Saturday, September 14, 2013
Remember me? I used to cook and talk about it.
If you're looking for more posts from me in the next long while, I'm going to need to switch the topic of this blog to a review of room service menus. That seems to be all I'm eating these days. I'm not complaining (well, I am a little - you'd be surprised how often great hotels have painfully mediocre room service), but there's just not time to do anything more than wait for that mediocre food to get to your room and spend the next 30 minutes trying not to spill (too much) on your laptop.
But today was a lovely exception. Three weeks since I posted/cooked last, I got an amazing meal in the same 30 minutes room service takes to get to you.
The walnut filling in this salmon is such a winner. It's very chimichurri-like - heady herbs, a little spice, a little acidity, a lot of flavor - but the walnuts make everything just a little richer. It would be great with steak, swirled into pasta, and maybe even in one of my favorite avocado/guacamole dishes.

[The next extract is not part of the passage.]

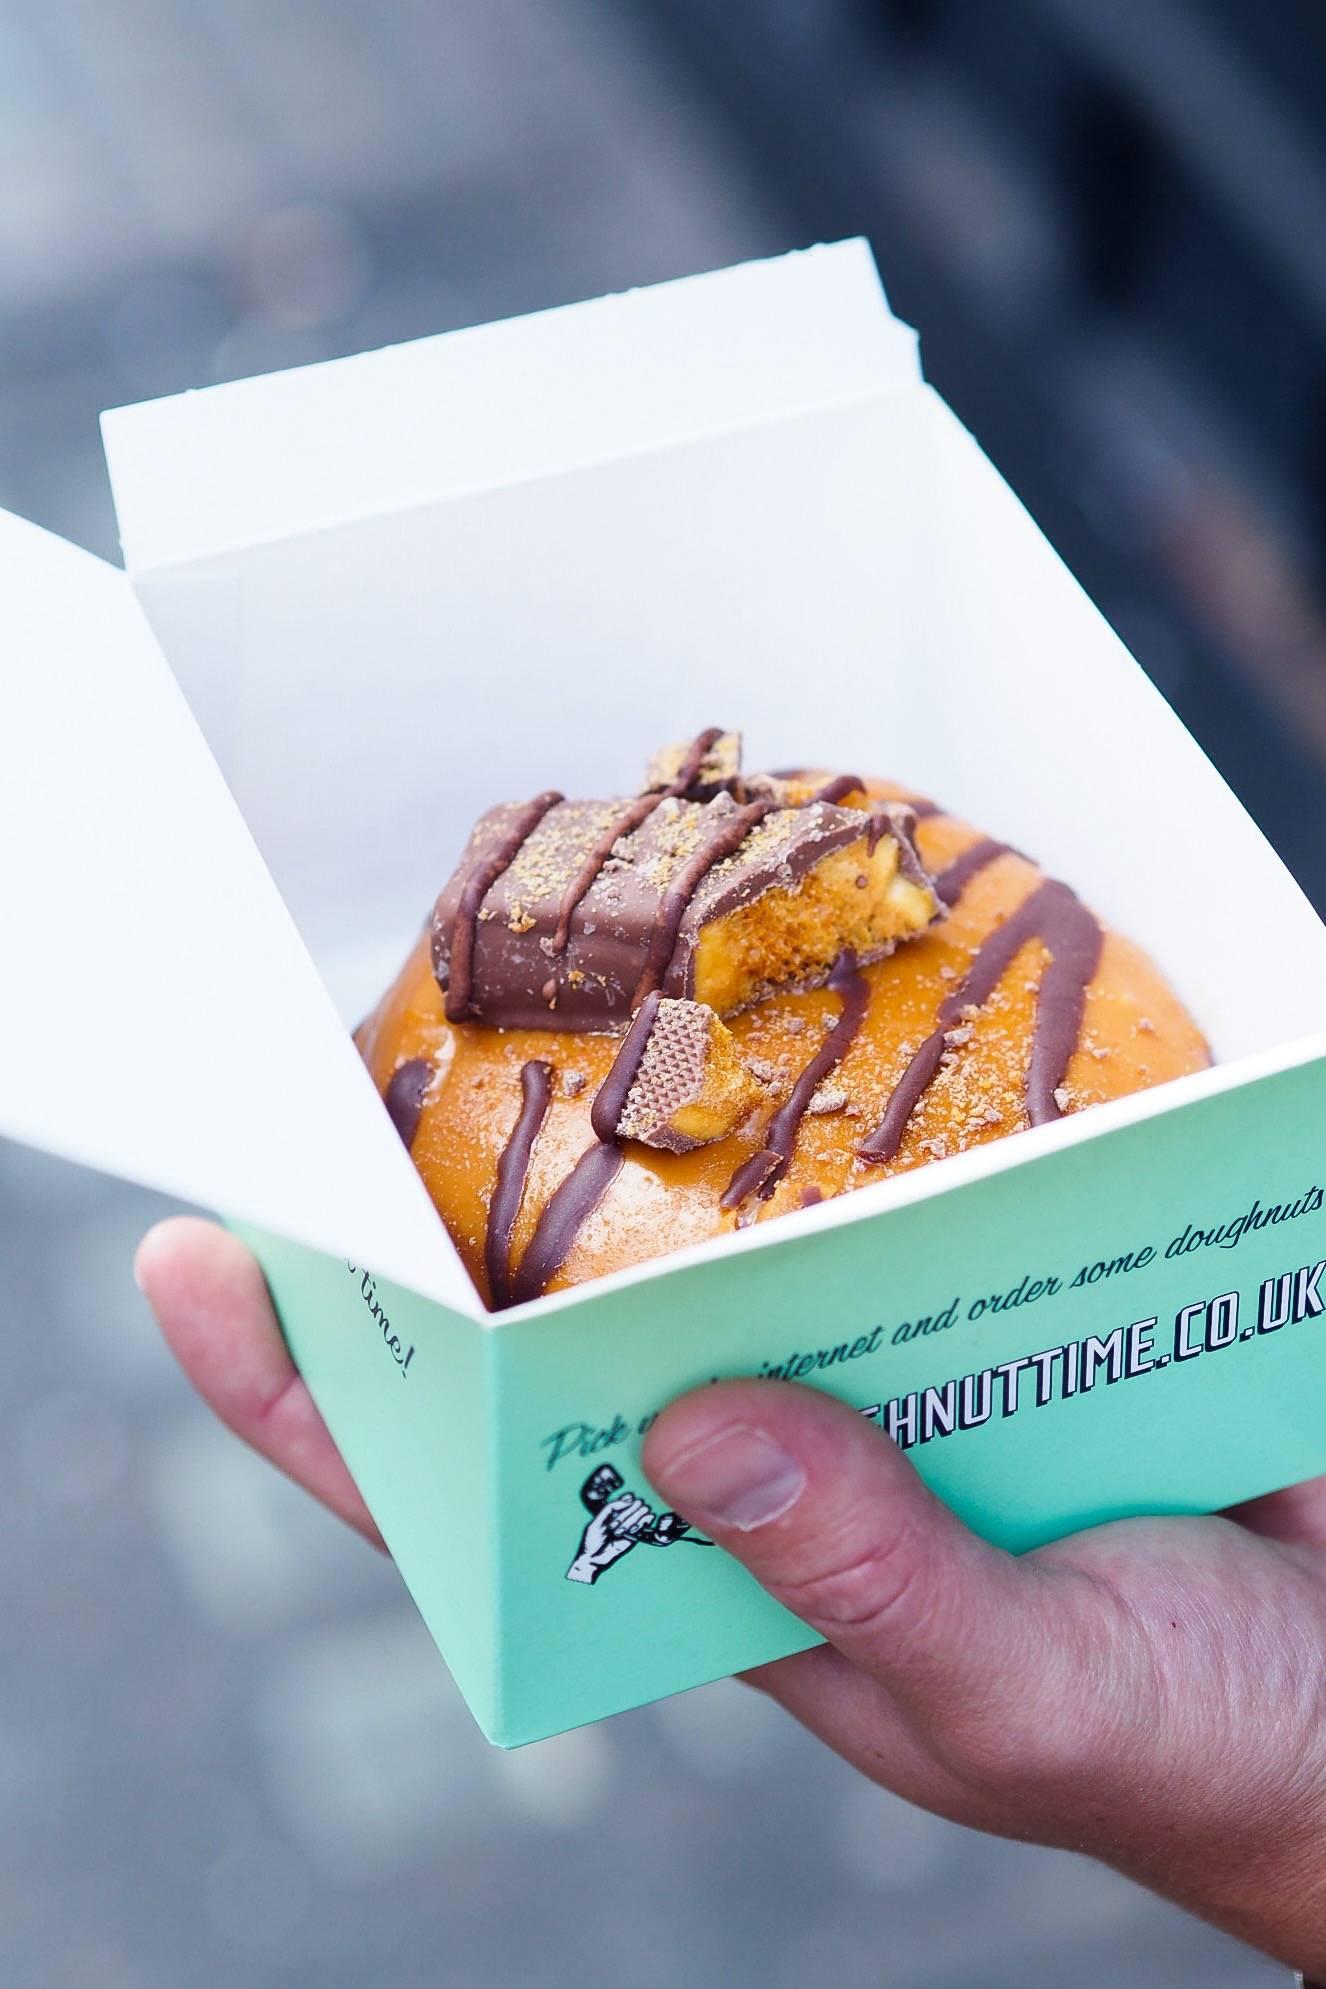 Doughnut_Time_Soho_honey

Walnut- and Herb-Stuffed Salmon
slightly adapted from Epicurious
two 1/2-lb. salmon fillets
1/4 c. raw walnuts
2 cloves garlic
0.75 oz. fresh cilantro
1 T. lemon juice
zest of 1 lemon
1 jalapeño, seeded
1/2 t. paprika
1/2 t. cumin
3 T. coconut oil, divided
1/2 t. cinnamon
salt and pepper, to taste
1. Preheat the oven to 375 degrees.
2. Place the walnuts, garlic, cilantro, parsley, lemon juice and zest, jalapeño, paprika, cumin and coconut oil in the bowl of a food processor. Pulse a couple of times until all the ingredients are chopped. Don't over-process - keep a slightly coarse texture.
3. Lightly oil a baking dish just small enough to fit one of the fillets. Sprinkle 1/4 t. cinnamon on the fillet, then evenly distribute the walnut filling over top. Cover with the other fillet skin side up, and sprinkle with the remaining 1/4 t. cinnamon. Salt and pepper to taste. Bake for about 20–25 minutes until done.